_EXERCISE REQUIREMENTS:_
Please print, exactly, only the lines in the entries below from the line that has "Large Brutalist carpenters" through the line that has "Functional design with lower shelf.". Pictures don't go in.

_MATERIAL SHOWN:_

--- --- ---

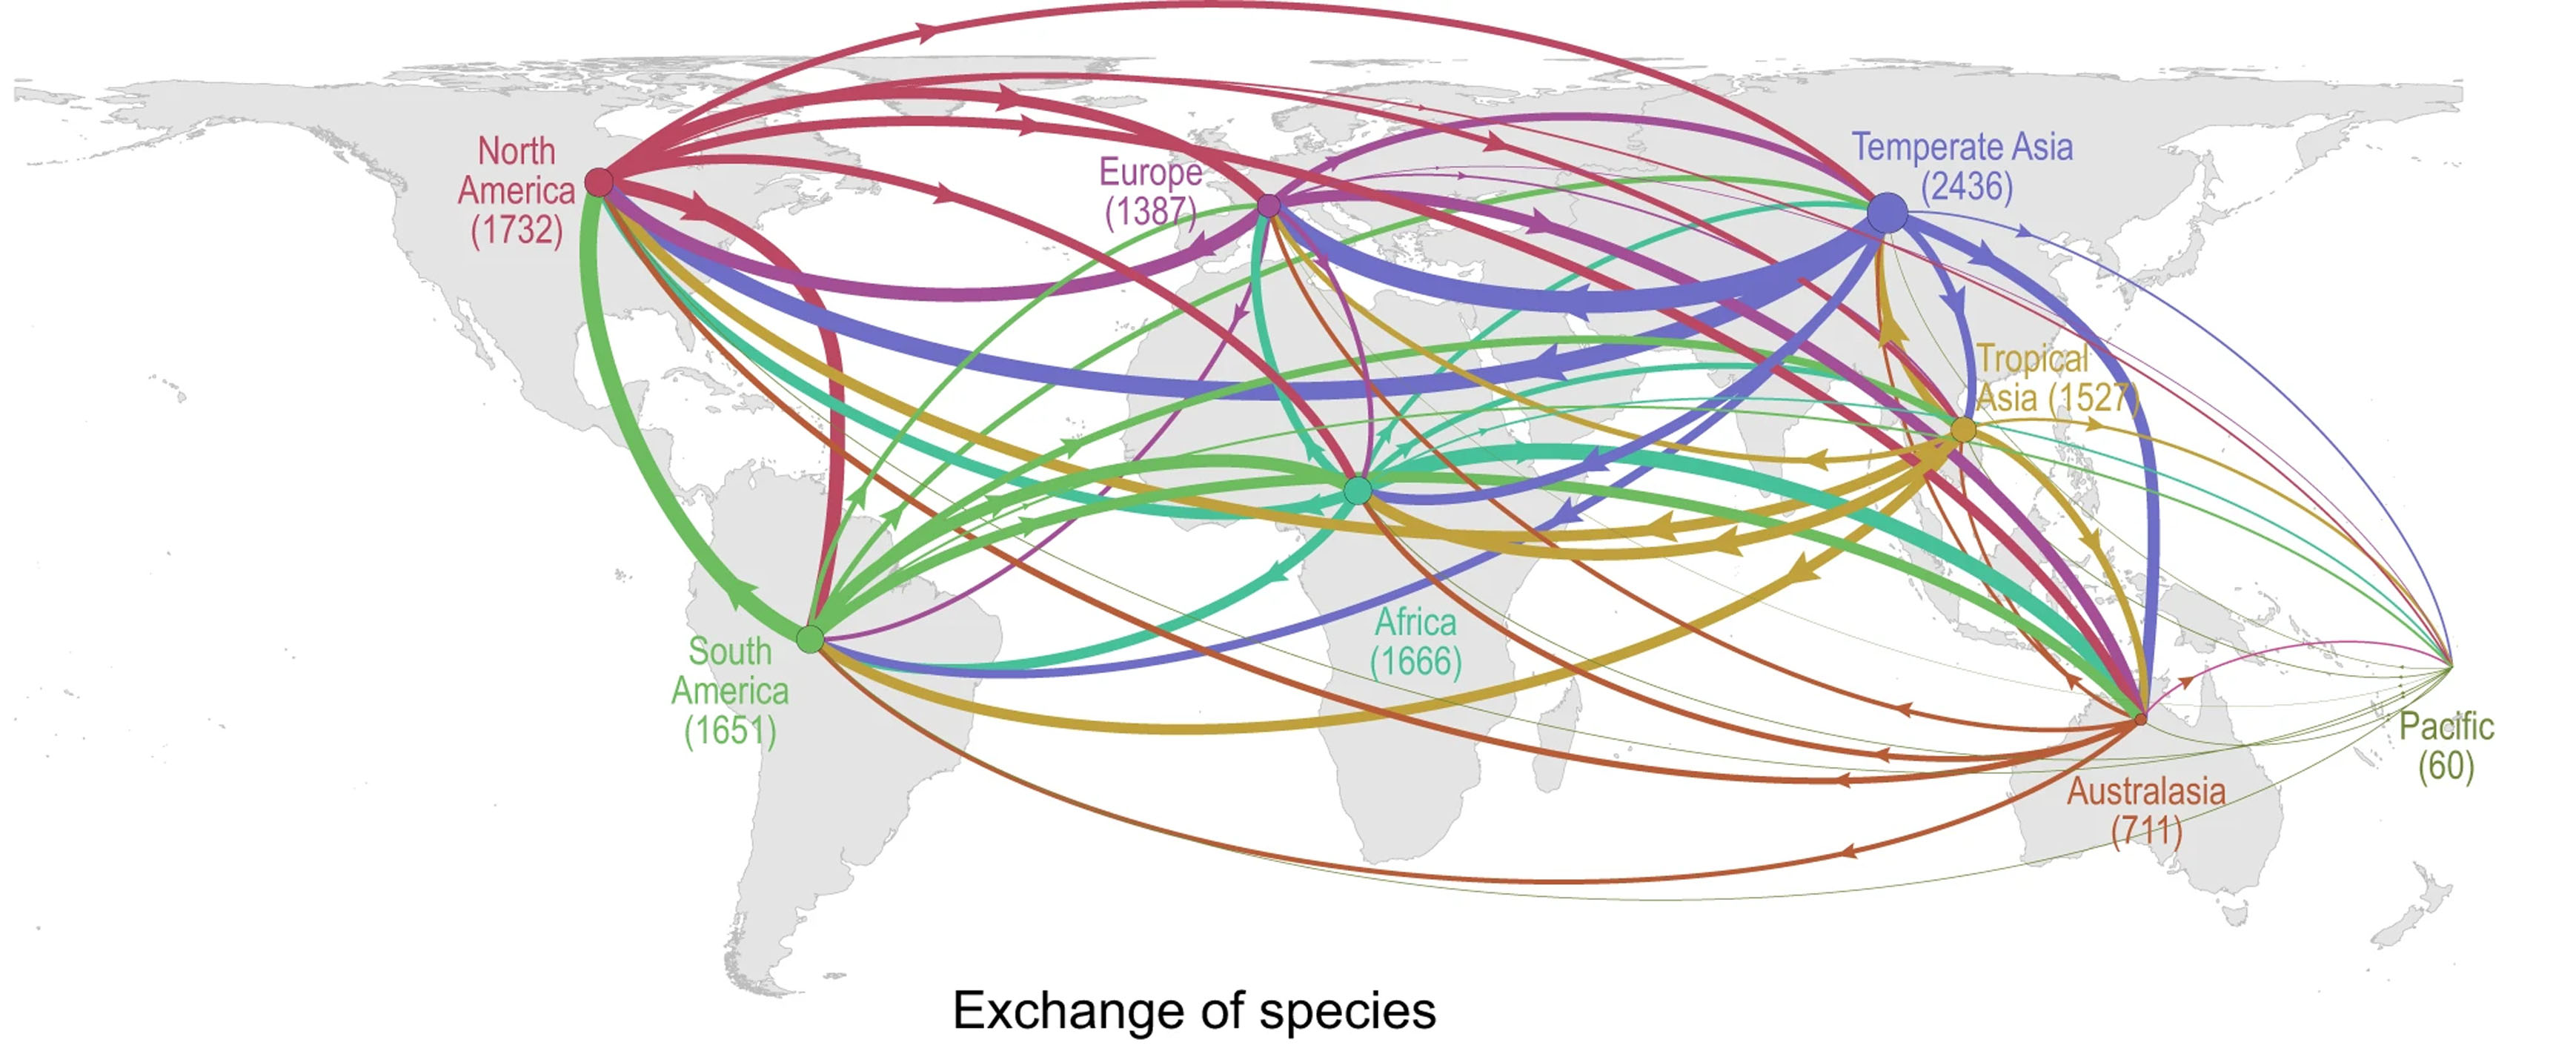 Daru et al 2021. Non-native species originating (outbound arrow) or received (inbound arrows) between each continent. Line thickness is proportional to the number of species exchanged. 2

--- --- ---

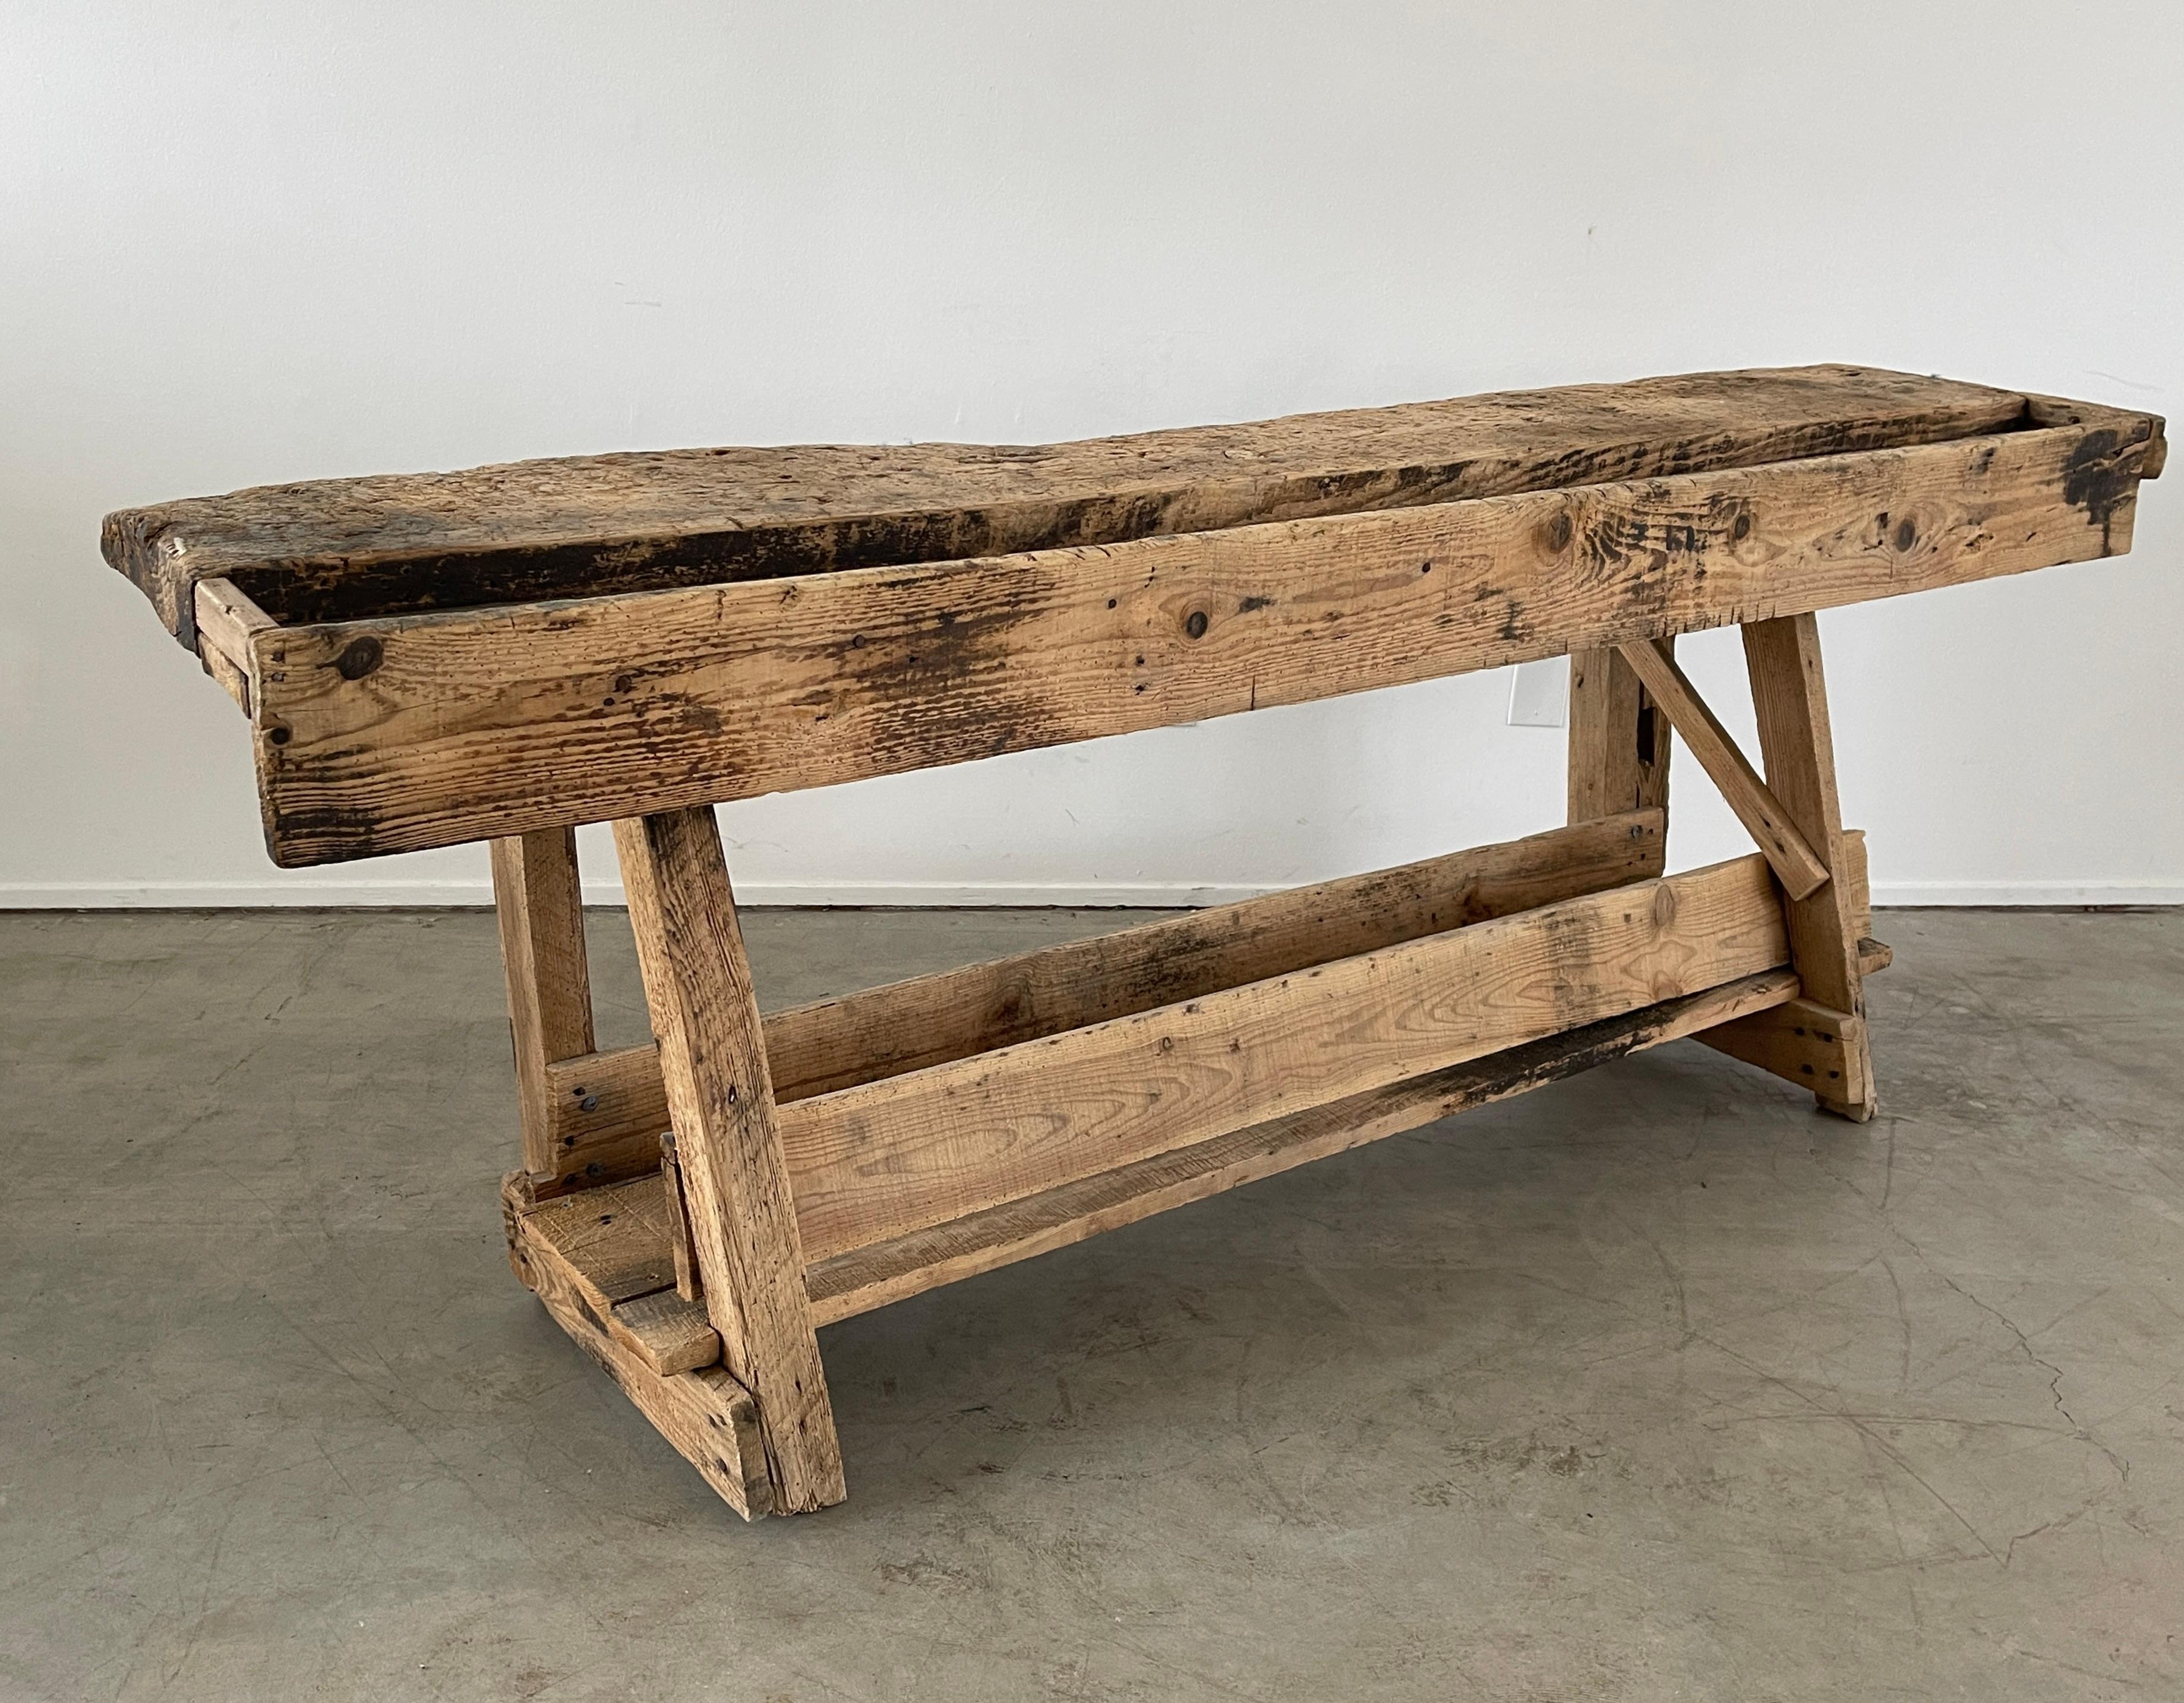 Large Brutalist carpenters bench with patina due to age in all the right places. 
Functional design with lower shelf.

--- --- ---

_SOLUTION FOR THIS PROBLEM:_
 Large Brutalist carpenters bench with patina due to age in all the right places. 
Functional design with lower shelf.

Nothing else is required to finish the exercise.